Ona oznacza, że parlament przejmuje inicjatywę, już nie tylko Komisja, ale i PE na mocy swoich wewnętrznych przepisów, najpierw w postaci Komisji, będzie chciał usłyszeć, jaka jest diagnoza zagrożeń dla państwa prawa – to jest początek art. 7.

Jeżeli nie zmieni się polityka rządu, to będzie to dość bogata dokumentacja rozmaitych zagrożeń, a potem będzie zwołanie Rady, aby podejmowała kolejne kroki, i tu już jest procedowanie w celu pozbawienia nas różnych przywilejów, jak prawa głosu.

Ale do tego potrzebna jest jednomyślność, a prawdopodobnie Węgry nie poprą takich kar.
Tak, dlatego wszyscy wiedzą, że to jest mało realny finał, natomiast jeżeli Polska będzie ciągle na cenzurowym, to nic nie załatwi, nie będzie mieć sojuszników, bo nikt nie będzie chciał być po stronie Polski, skoro jest tak napiętnowanym członkiem tej europejskiej rodziny.
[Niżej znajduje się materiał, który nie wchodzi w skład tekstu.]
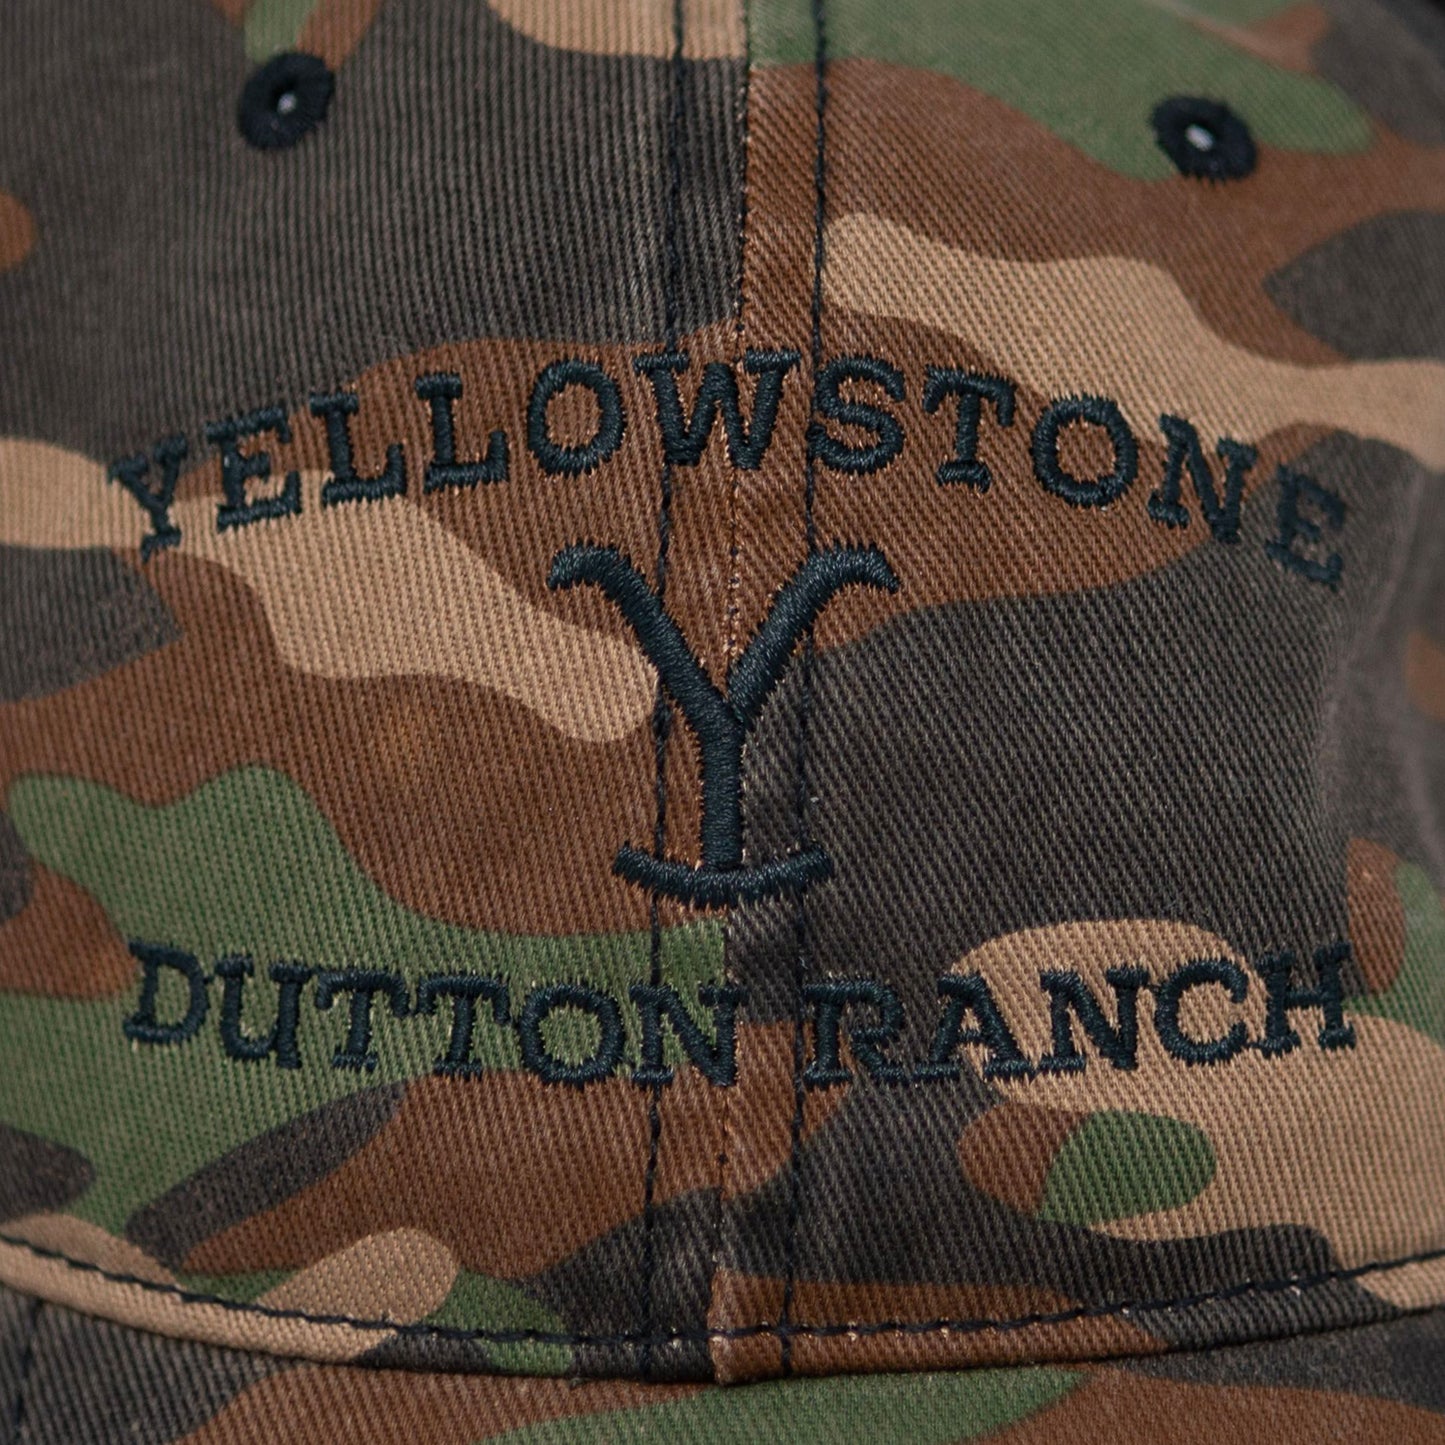 Logo Ranch Yellowstone Dutton Ranch vu sur Camo Hat

Szkody na pewno jakieś będą.

Czy Polska już ponosi jakieś realne straty wynikające z tego sporu z Unią?
Oczywiście, my tu

generalnie nie widzimy europosłów PiS-u, kiedy tworzy się realną legislację.
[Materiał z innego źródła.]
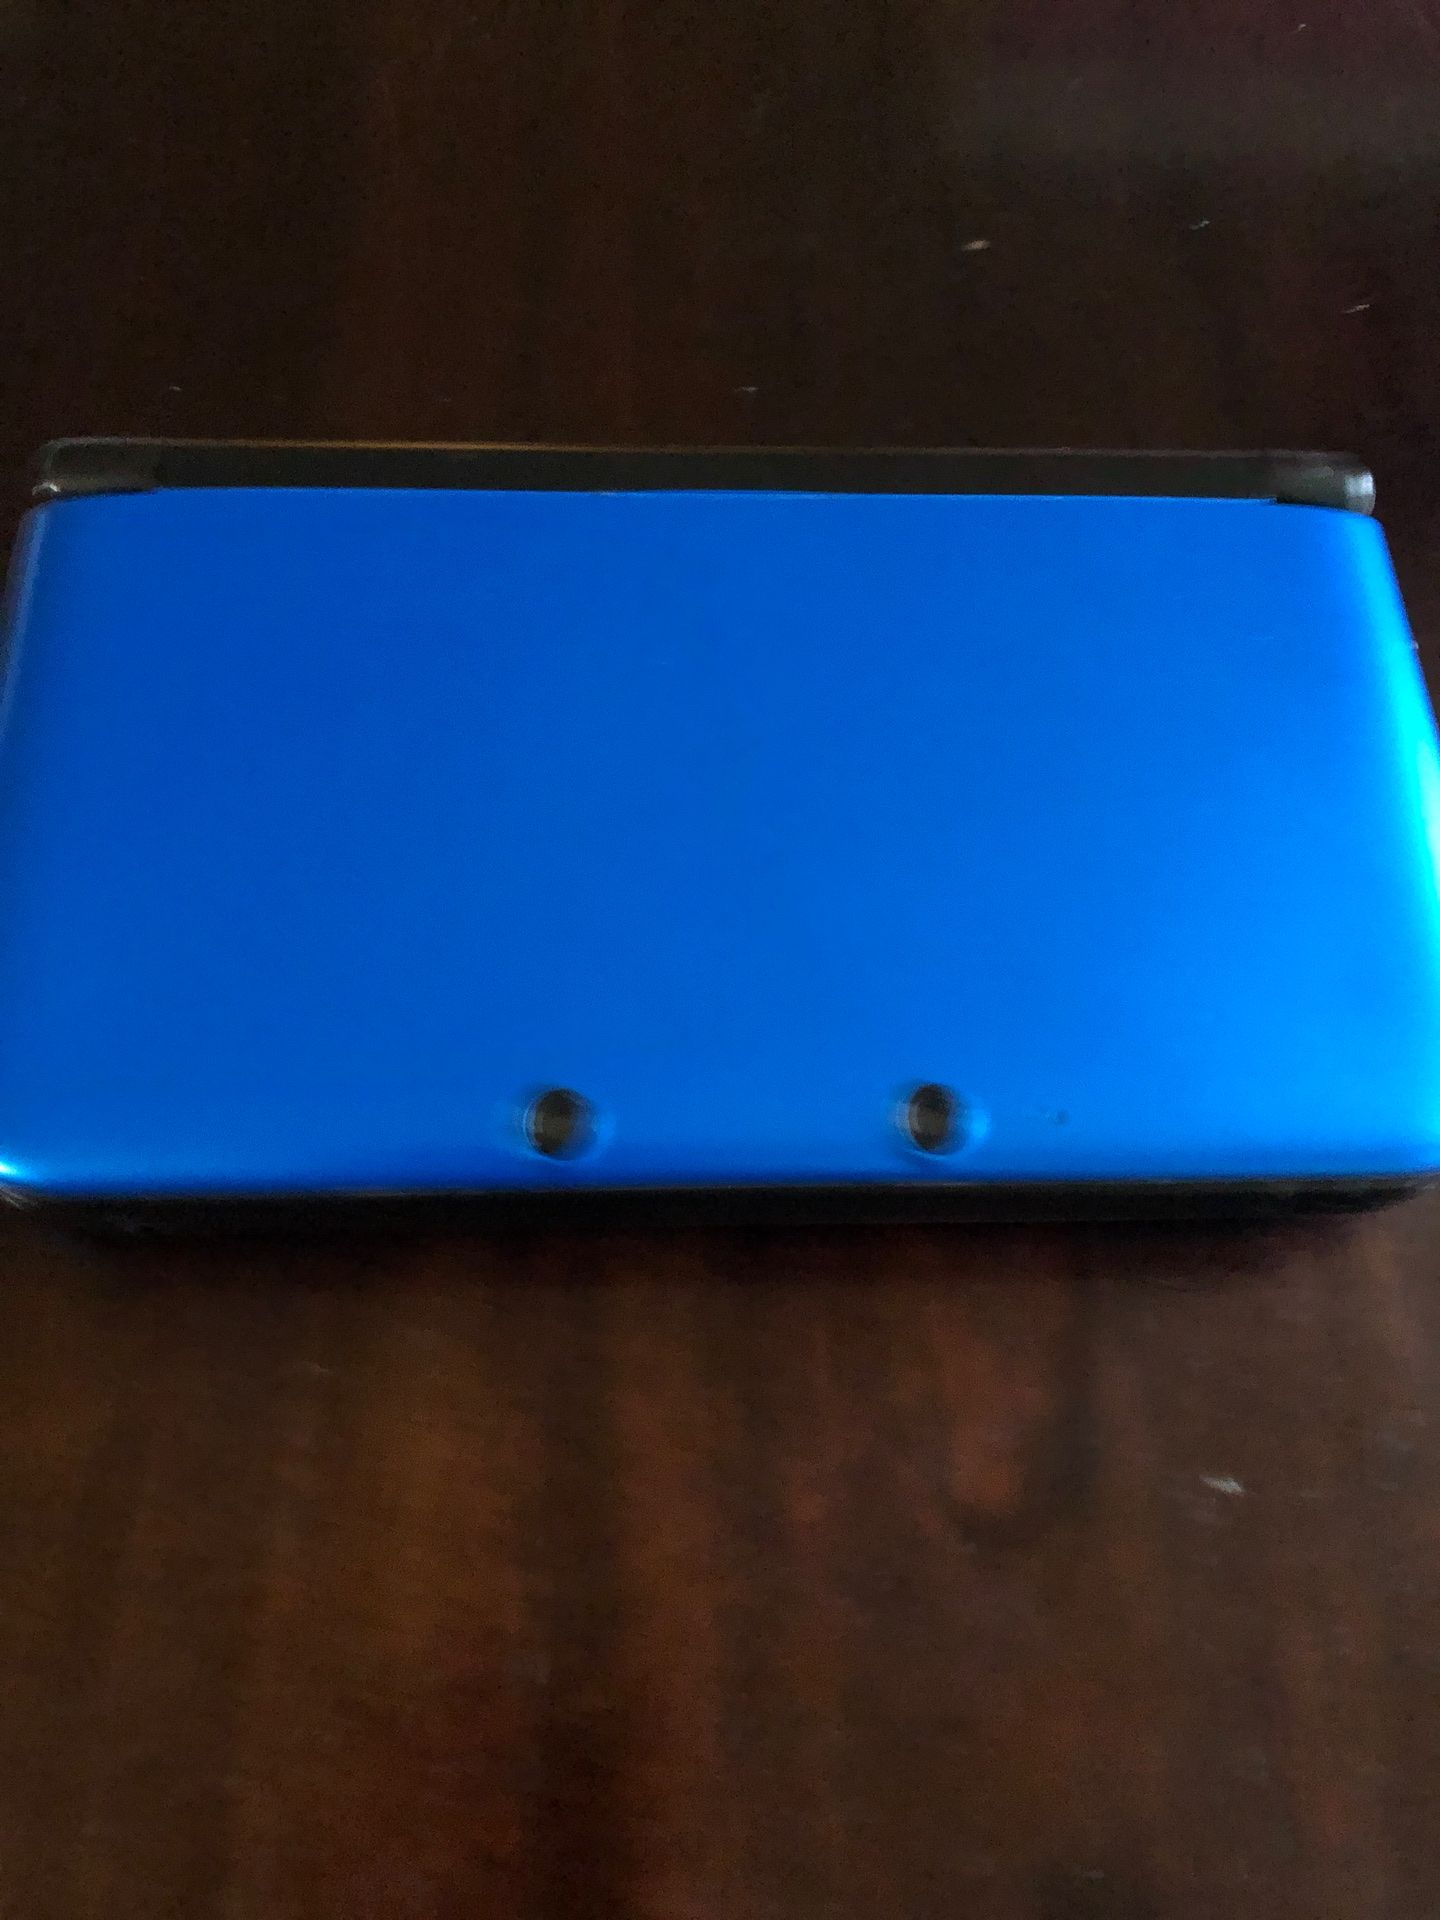 Blue Nintendo 3ds XL

Pracownicy delegowani w sposób dla nas niezadowalający, ale jeszcze do wytrzymania, zostali nakreśleni w europarlamencie, natomiast na forum międzyrządowym ten głos okazał się dużo słabszy i ostatecznie ta legislacja jest dużo gorsza dla Polski. Dla 100 tysięcy ludzi, którzy chcą pracować legalnie na Zachodzie, szykuje się sprawa transportu międzynarodowego, na razie oderwana od sprawy pracowników delegowanych, ale nie wróżę tu, niestety, sukcesu. Przegrana została sprawa tzw. nawozów, np. jaki ma być dopuszczalny poziom kadmu w nawozach, też niekorzystny dla nas. Jest jeszcze europejski system handlu prawami do emisji dwutlenku węgla CO2, który jako tako udało nam się opanować w parlamencie, ale później na forum międzynarodowym znowu przegrana. To seria przegranych, a szykuje się wielka batalia o budżet po roku 2020.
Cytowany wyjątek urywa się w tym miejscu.